Top of Source data

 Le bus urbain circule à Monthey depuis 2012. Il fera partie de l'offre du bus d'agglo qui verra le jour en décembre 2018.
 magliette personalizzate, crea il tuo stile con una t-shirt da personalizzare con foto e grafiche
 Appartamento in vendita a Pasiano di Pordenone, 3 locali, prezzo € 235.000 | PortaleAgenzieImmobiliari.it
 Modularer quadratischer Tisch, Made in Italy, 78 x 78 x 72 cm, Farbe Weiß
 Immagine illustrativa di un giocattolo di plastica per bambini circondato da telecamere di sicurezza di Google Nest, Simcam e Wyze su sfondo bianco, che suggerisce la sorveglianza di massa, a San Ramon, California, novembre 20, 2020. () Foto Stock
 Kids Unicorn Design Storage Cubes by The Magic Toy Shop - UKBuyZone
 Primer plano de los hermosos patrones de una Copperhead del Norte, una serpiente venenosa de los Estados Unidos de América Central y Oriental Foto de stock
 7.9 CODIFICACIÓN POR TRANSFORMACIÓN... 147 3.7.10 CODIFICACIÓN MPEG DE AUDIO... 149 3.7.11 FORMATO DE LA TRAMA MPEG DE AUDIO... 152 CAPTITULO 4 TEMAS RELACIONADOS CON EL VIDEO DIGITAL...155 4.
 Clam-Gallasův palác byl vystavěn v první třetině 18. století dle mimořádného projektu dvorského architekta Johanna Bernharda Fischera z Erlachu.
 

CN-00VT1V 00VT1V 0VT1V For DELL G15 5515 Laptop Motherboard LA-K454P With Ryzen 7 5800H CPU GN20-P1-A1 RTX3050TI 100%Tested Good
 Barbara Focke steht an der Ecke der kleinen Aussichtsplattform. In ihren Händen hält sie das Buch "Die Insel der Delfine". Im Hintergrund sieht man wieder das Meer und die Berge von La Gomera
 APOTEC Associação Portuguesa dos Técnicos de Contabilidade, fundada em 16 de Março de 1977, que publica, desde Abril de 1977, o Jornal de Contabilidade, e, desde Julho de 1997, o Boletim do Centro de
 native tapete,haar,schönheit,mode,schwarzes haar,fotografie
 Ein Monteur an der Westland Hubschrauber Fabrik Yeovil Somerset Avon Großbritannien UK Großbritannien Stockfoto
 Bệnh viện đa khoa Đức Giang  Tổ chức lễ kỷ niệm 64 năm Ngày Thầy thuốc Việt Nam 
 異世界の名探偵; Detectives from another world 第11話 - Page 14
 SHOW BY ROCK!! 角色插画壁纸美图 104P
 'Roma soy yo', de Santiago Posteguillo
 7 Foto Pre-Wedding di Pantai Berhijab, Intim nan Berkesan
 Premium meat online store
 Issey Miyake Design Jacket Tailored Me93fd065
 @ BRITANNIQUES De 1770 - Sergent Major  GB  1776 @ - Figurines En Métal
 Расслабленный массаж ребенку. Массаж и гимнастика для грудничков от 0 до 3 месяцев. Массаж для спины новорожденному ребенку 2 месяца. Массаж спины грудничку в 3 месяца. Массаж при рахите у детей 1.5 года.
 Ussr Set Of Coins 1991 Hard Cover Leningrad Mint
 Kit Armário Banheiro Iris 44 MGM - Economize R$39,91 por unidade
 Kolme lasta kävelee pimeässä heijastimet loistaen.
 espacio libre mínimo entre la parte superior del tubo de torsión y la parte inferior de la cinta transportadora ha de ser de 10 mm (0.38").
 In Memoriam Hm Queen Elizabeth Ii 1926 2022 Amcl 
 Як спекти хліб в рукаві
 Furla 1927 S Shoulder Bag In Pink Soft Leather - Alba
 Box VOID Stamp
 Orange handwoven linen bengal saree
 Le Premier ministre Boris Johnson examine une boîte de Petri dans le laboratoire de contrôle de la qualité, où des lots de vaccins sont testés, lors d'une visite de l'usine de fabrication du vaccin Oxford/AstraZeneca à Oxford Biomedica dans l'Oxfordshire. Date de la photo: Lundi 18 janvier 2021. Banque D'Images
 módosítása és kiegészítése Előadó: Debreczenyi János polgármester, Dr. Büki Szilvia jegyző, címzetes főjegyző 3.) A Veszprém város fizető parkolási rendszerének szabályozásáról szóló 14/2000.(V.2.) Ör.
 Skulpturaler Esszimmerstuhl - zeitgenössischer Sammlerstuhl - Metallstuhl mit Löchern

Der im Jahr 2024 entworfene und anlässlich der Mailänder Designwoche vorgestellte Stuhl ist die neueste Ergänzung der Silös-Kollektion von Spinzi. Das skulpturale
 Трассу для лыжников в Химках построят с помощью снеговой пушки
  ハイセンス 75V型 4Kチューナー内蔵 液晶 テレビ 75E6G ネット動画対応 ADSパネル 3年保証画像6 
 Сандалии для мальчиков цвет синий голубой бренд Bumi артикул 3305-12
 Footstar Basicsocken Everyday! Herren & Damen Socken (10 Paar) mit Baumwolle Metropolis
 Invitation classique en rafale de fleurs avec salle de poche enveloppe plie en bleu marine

Bottom of Source data

Print out the data exactly once more.

◆ Task solution:
 Le bus urbain circule à Monthey depuis 2012. Il fera partie de l'offre du bus d'agglo qui verra le jour en décembre 2018.
 magliette personalizzate, crea il tuo stile con una t-shirt da personalizzare con foto e grafiche
 Appartamento in vendita a Pasiano di Pordenone, 3 locali, prezzo € 235.000 | PortaleAgenzieImmobiliari.it
 Modularer quadratischer Tisch, Made in Italy, 78 x 78 x 72 cm, Farbe Weiß
 Immagine illustrativa di un giocattolo di plastica per bambini circondato da telecamere di sicurezza di Google Nest, Simcam e Wyze su sfondo bianco, che suggerisce la sorveglianza di massa, a San Ramon, California, novembre 20, 2020. () Foto Stock
 Kids Unicorn Design Storage Cubes by The Magic Toy Shop - UKBuyZone
 Primer plano de los hermosos patrones de una Copperhead del Norte, una serpiente venenosa de los Estados Unidos de América Central y Oriental Foto de stock
 7.9 CODIFICACIÓN POR TRANSFORMACIÓN... 147 3.7.10 CODIFICACIÓN MPEG DE AUDIO... 149 3.7.11 FORMATO DE LA TRAMA MPEG DE AUDIO... 152 CAPTITULO 4 TEMAS RELACIONADOS CON EL VIDEO DIGITAL...155 4.
 Clam-Gallasův palác byl vystavěn v první třetině 18. století dle mimořádného projektu dvorského architekta Johanna Bernharda Fischera z Erlachu.
 

CN-00VT1V 00VT1V 0VT1V For DELL G15 5515 Laptop Motherboard LA-K454P With Ryzen 7 5800H CPU GN20-P1-A1 RTX3050TI 100%Tested Good
 Barbara Focke steht an der Ecke der kleinen Aussichtsplattform. In ihren Händen hält sie das Buch "Die Insel der Delfine". Im Hintergrund sieht man wieder das Meer und die Berge von La Gomera
 APOTEC Associação Portuguesa dos Técnicos de Contabilidade, fundada em 16 de Março de 1977, que publica, desde Abril de 1977, o Jornal de Contabilidade, e, desde Julho de 1997, o Boletim do Centro de
 native tapete,haar,schönheit,mode,schwarzes haar,fotografie
 Ein Monteur an der Westland Hubschrauber Fabrik Yeovil Somerset Avon Großbritannien UK Großbritannien Stockfoto
 Bệnh viện đa khoa Đức Giang  Tổ chức lễ kỷ niệm 64 năm Ngày Thầy thuốc Việt Nam 
 異世界の名探偵; Detectives from another world 第11話 - Page 14
 SHOW BY ROCK!! 角色插画壁纸美图 104P
 'Roma soy yo', de Santiago Posteguillo
 7 Foto Pre-Wedding di Pantai Berhijab, Intim nan Berkesan
 Premium meat online store
 Issey Miyake Design Jacket Tailored Me93fd065
 @ BRITANNIQUES De 1770 - Sergent Major  GB  1776 @ - Figurines En Métal
 Расслабленный массаж ребенку. Массаж и гимнастика для грудничков от 0 до 3 месяцев. Массаж для спины новорожденному ребенку 2 месяца. Массаж спины грудничку в 3 месяца. Массаж при рахите у детей 1.5 года.
 Ussr Set Of Coins 1991 Hard Cover Leningrad Mint
 Kit Armário Banheiro Iris 44 MGM - Economize R$39,91 por unidade
 Kolme lasta kävelee pimeässä heijastimet loistaen.
 espacio libre mínimo entre la parte superior del tubo de torsión y la parte inferior de la cinta transportadora ha de ser de 10 mm (0.38").
 In Memoriam Hm Queen Elizabeth Ii 1926 2022 Amcl 
 Як спекти хліб в рукаві
 Furla 1927 S Shoulder Bag In Pink Soft Leather - Alba
 Box VOID Stamp
 Orange handwoven linen bengal saree
 Le Premier ministre Boris Johnson examine une boîte de Petri dans le laboratoire de contrôle de la qualité, où des lots de vaccins sont testés, lors d'une visite de l'usine de fabrication du vaccin Oxford/AstraZeneca à Oxford Biomedica dans l'Oxfordshire. Date de la photo: Lundi 18 janvier 2021. Banque D'Images
 módosítása és kiegészítése Előadó: Debreczenyi János polgármester, Dr. Büki Szilvia jegyző, címzetes főjegyző 3.) A Veszprém város fizető parkolási rendszerének szabályozásáról szóló 14/2000.(V.2.) Ör.
 Skulpturaler Esszimmerstuhl - zeitgenössischer Sammlerstuhl - Metallstuhl mit Löchern

Der im Jahr 2024 entworfene und anlässlich der Mailänder Designwoche vorgestellte Stuhl ist die neueste Ergänzung der Silös-Kollektion von Spinzi. Das skulpturale
 Трассу для лыжников в Химках построят с помощью снеговой пушки
  ハイセンス 75V型 4Kチューナー内蔵 液晶 テレビ 75E6G ネット動画対応 ADSパネル 3年保証画像6 
 Сандалии для мальчиков цвет синий голубой бренд Bumi артикул 3305-12
 Footstar Basicsocken Everyday! Herren & Damen Socken (10 Paar) mit Baumwolle Metropolis
 Invitation classique en rafale de fleurs avec salle de poche enveloppe plie en bleu marine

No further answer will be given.